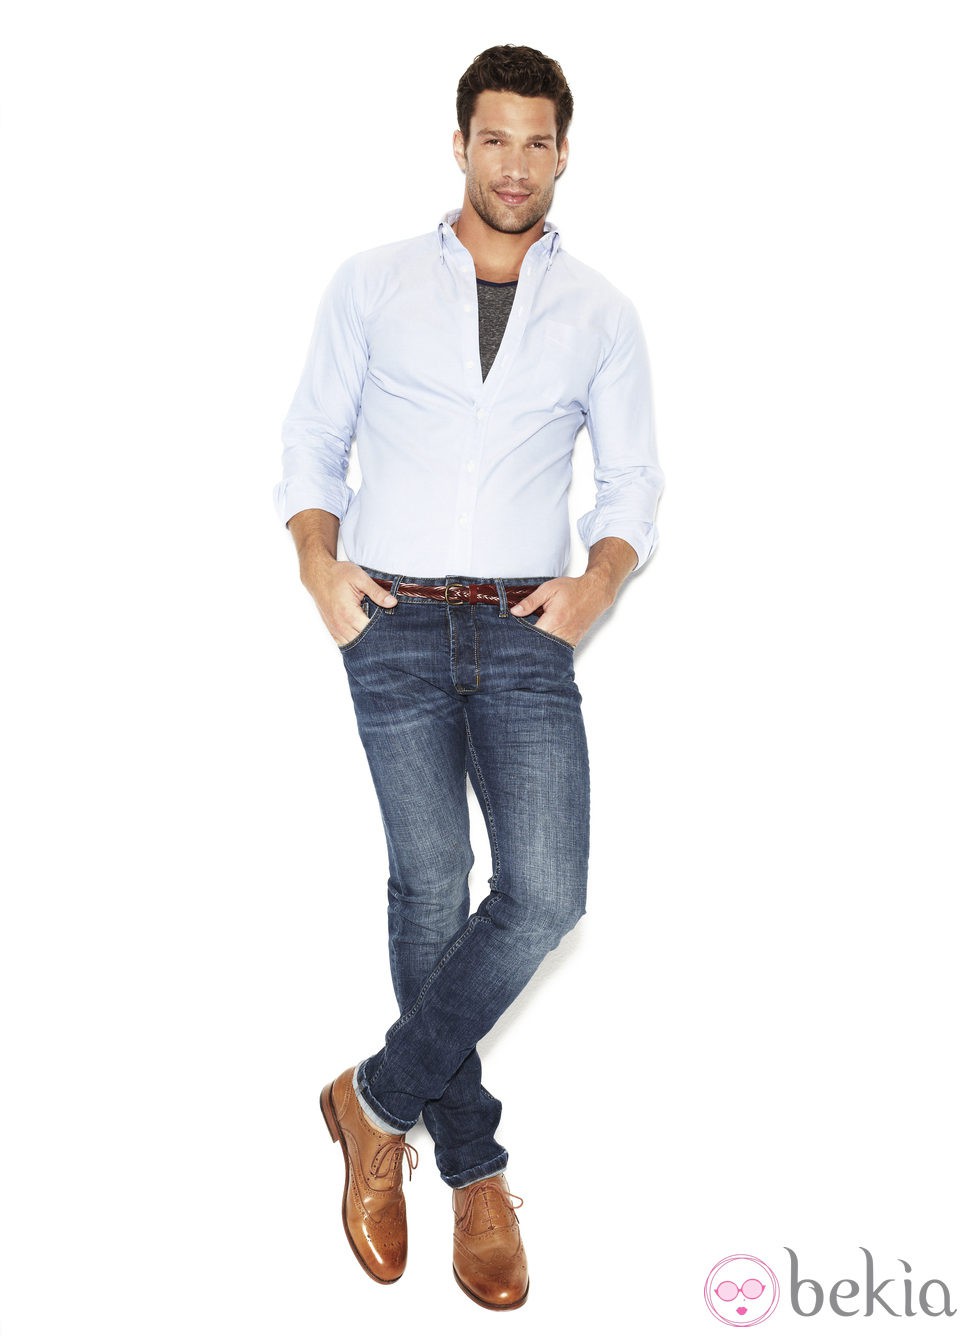 Aaron O'Connell con un modelo pitillo de la colección 'We love jeans' otoño 2012 de Suiteblanco
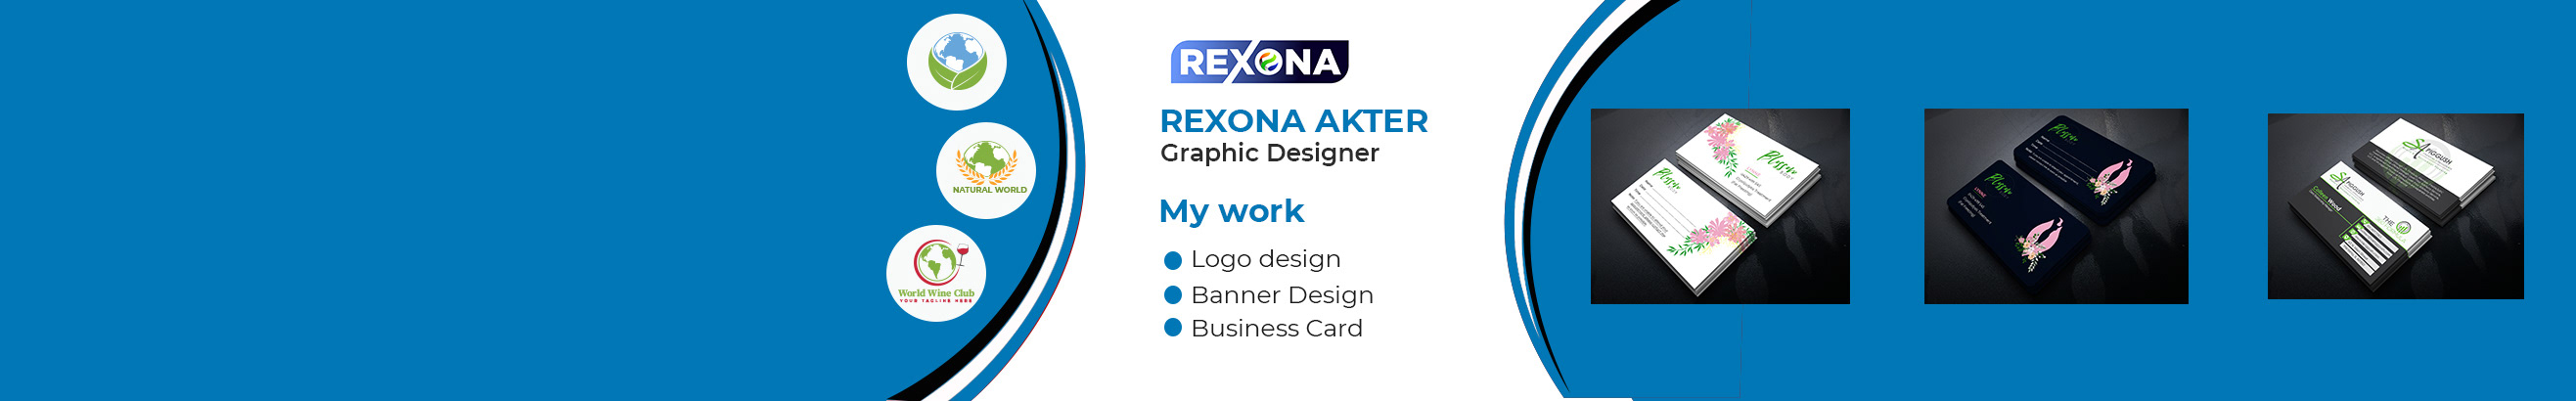 Banner de perfil de Rexona Akter
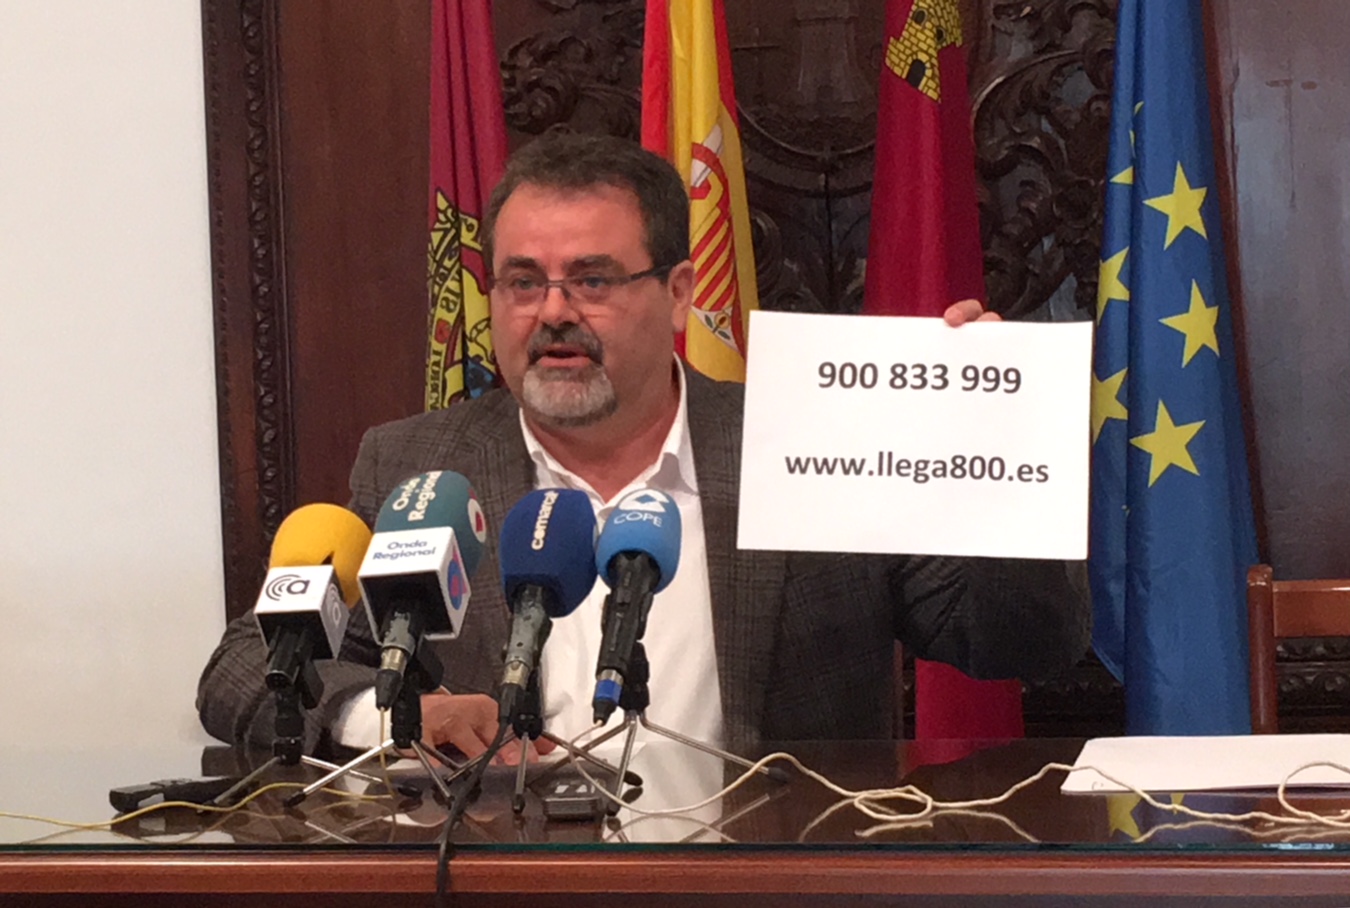 El PSOE informa a los usuarios de televisión que las “interferencias” por el 4G se solucionan de forma gratuita llamando al 900 833 999
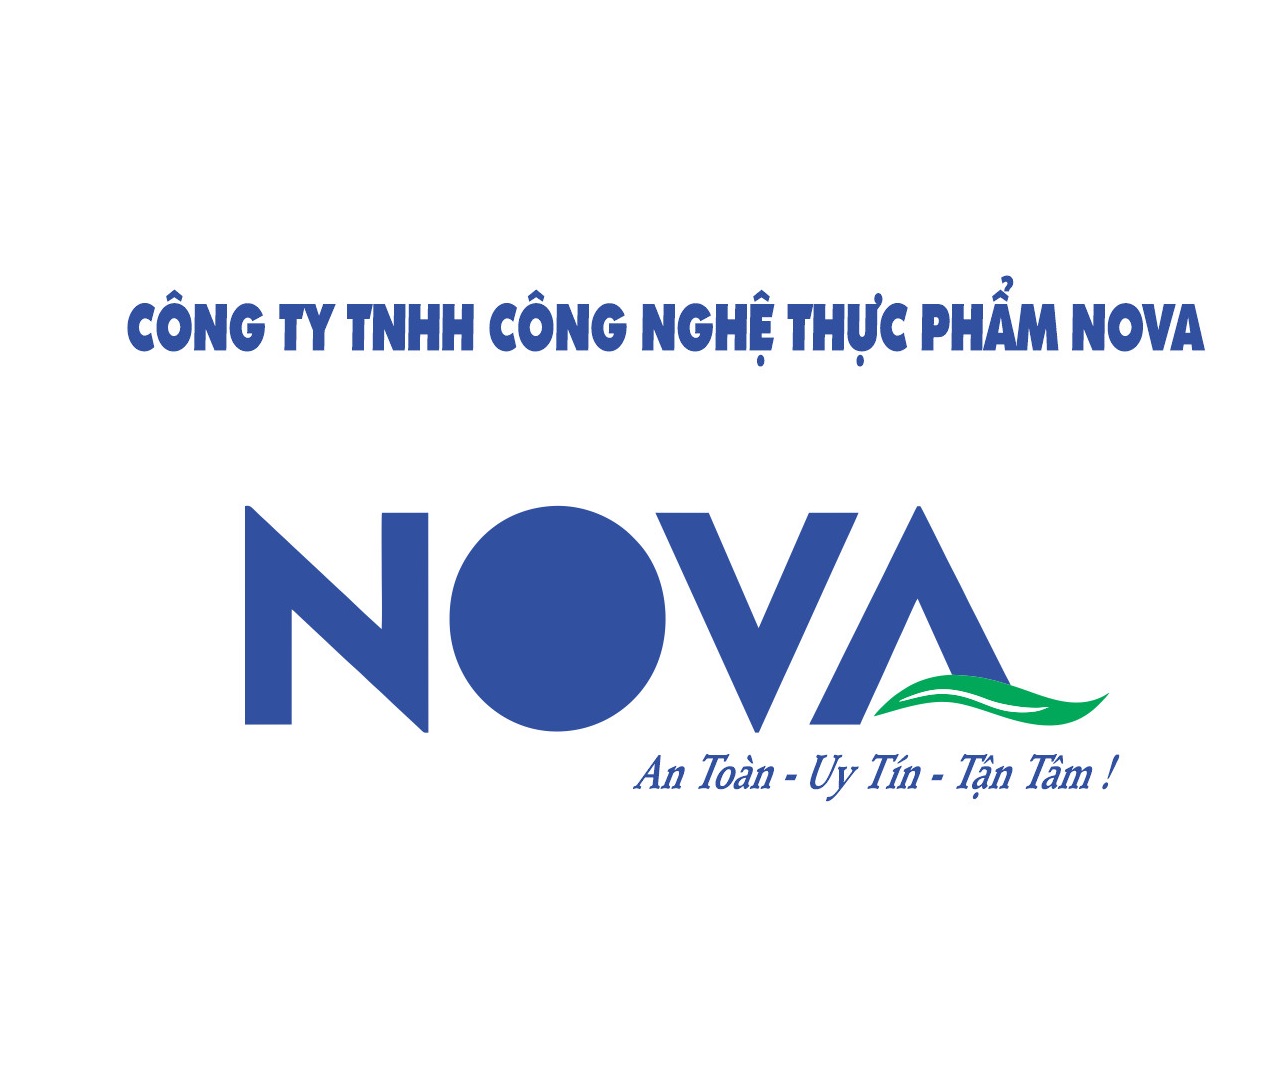 Công ty TNHH Công nghệ thực phẩm NOVA

——

= WHAT IS REQUIRED =
For this step, transcribe all the material above exactly and drop the images.

= EXERCISE RESPONSE =
 Aaron O'Connell con un modelo pitillo de la colección 'We love jeans' otoño 2012 de Suiteblanco
 Banner de perfil de Rexona Akter
 El PSOE informa a los usuarios de televisión que las “interferencias” por el 4G se solucionan de forma gratuita llamando al 900 833 999
 Công ty TNHH Công nghệ thực phẩm NOVA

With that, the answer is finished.